26.Nov.07
"Não há já segredos" (#)
O meu velho amigo e companheiro das longas noites de invernia de seu nome Ramalho Ortigão enviou-me, via e-mail, estas prosas. Que vos despacho desta forma:
Os que governam acham-se informados de tudo quanto pensam os governados. Não têm mais que ler, e resguardar-se. Acabou para os governos a surpresa, a emboscada, a perseguição encoberta.
Esses perigos já não existem realmente senão para os governados, que tem contra si, posto que mantidos e pagos por eles próprios, os únicos poderes ocultos que subsistem no regime das sociedades modernas: os recônditos planos de guerra entre governo e governo, a diplomacia, a polícia secreta, a intriga de corte para corte, a espionagem sobre cidadãos suspeitos, a violação descartas, a visita domiciliária, a busca de papéis de cada um, etc.
Se nós, particulares, tivéssemos de garantir-nos contra os governos com a mesma segurança com que os governos se acham garantidos contra nós, a primeira obrigação que lhes imporíamos seria a de terem um jornal e de imprimirem nele em cada manhã absolutamente tudo quanto pensassem de nós, para o bem e para o mal, mas principalmente para mal, porque o importante, porque o essencial é, sobretudo, isso: avisarem-nos do que nos prejudica.

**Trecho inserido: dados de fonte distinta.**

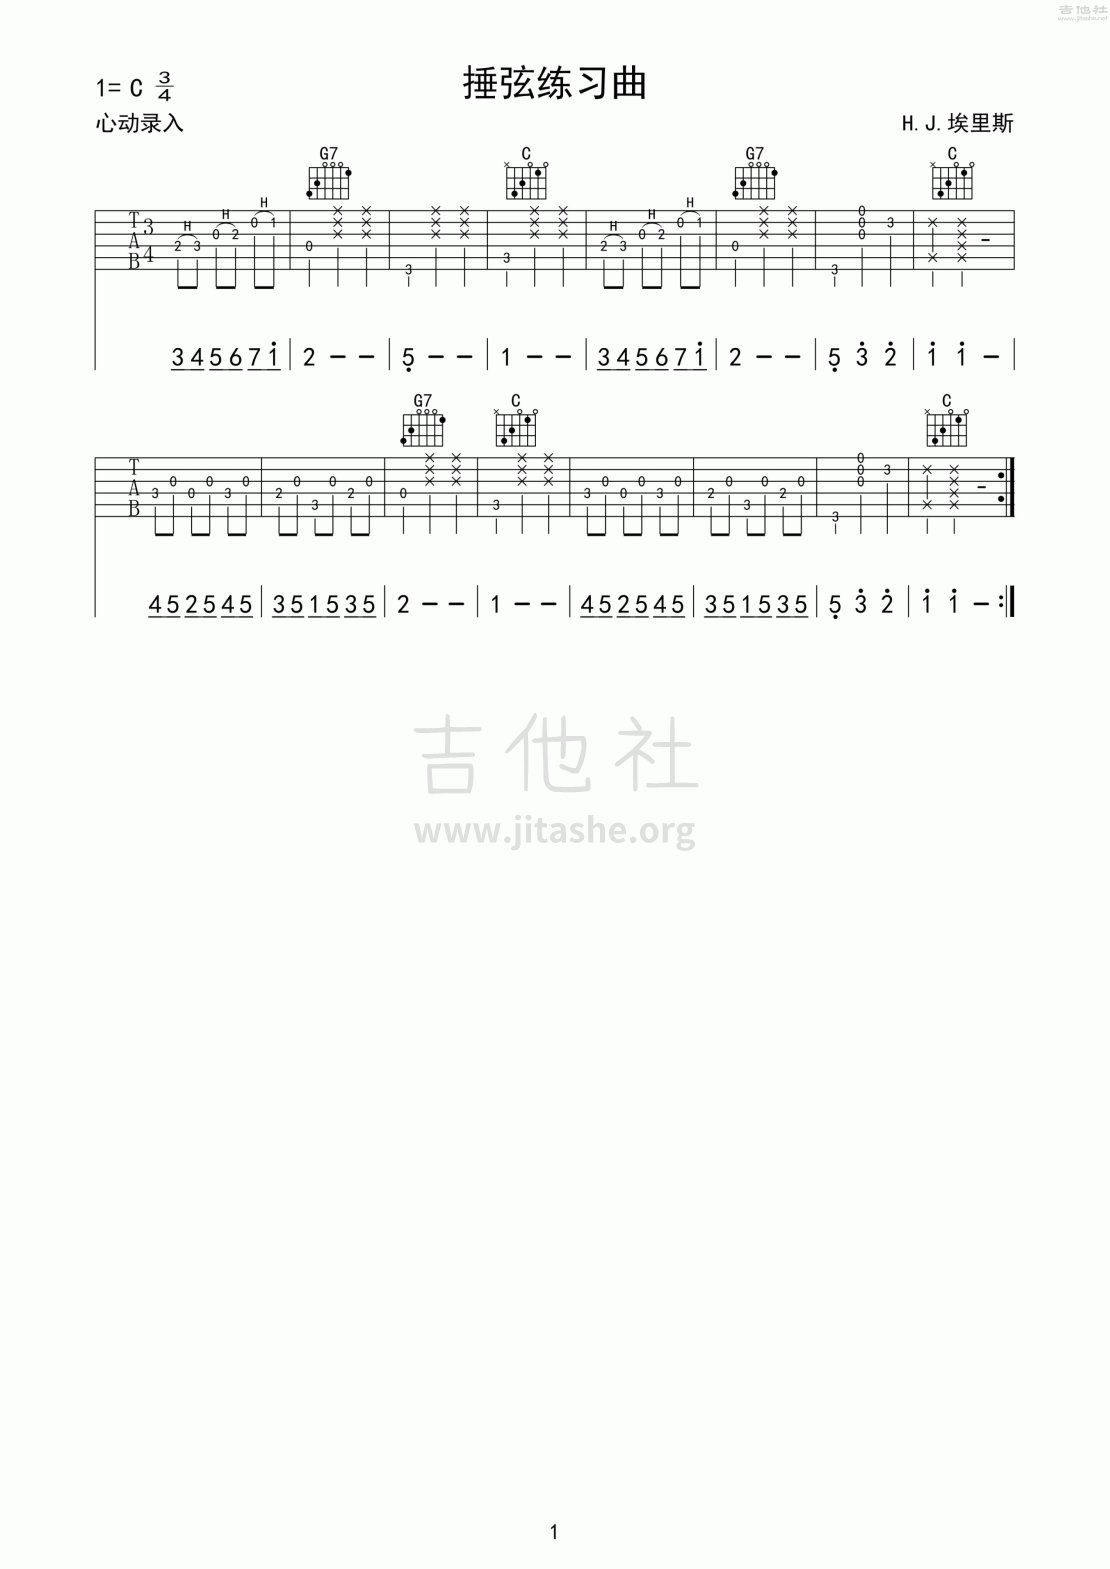 打印:捶弦练习曲吉他谱_练习曲_心动吉他曲谱集第1集_077.gif

Ora caro e amigo Ramalho se em 1871 assim se estava, em 2007, aviso-te que, estejas tu onde estiveres -realmente achei estranho o teres enviado um e-mail- a coisa está na mesma. Mudem-se algumas palavras, altere-se- pouco- o sentido de outras e o Galinho de Barcelos continua de cores garridas. Andamos assim há 136 anos bem contados. Mas obrigado pela lembrança. Cá continuaremos a ler essa belas Farpas com que nos presenteias.
(#) O título é frase do Ramalho Ortigão. Eu não tenho jeito para intitulações. A Times o original. Volume Quinto, tomo IX, Lisboa, Círculo de Leitores, 2006.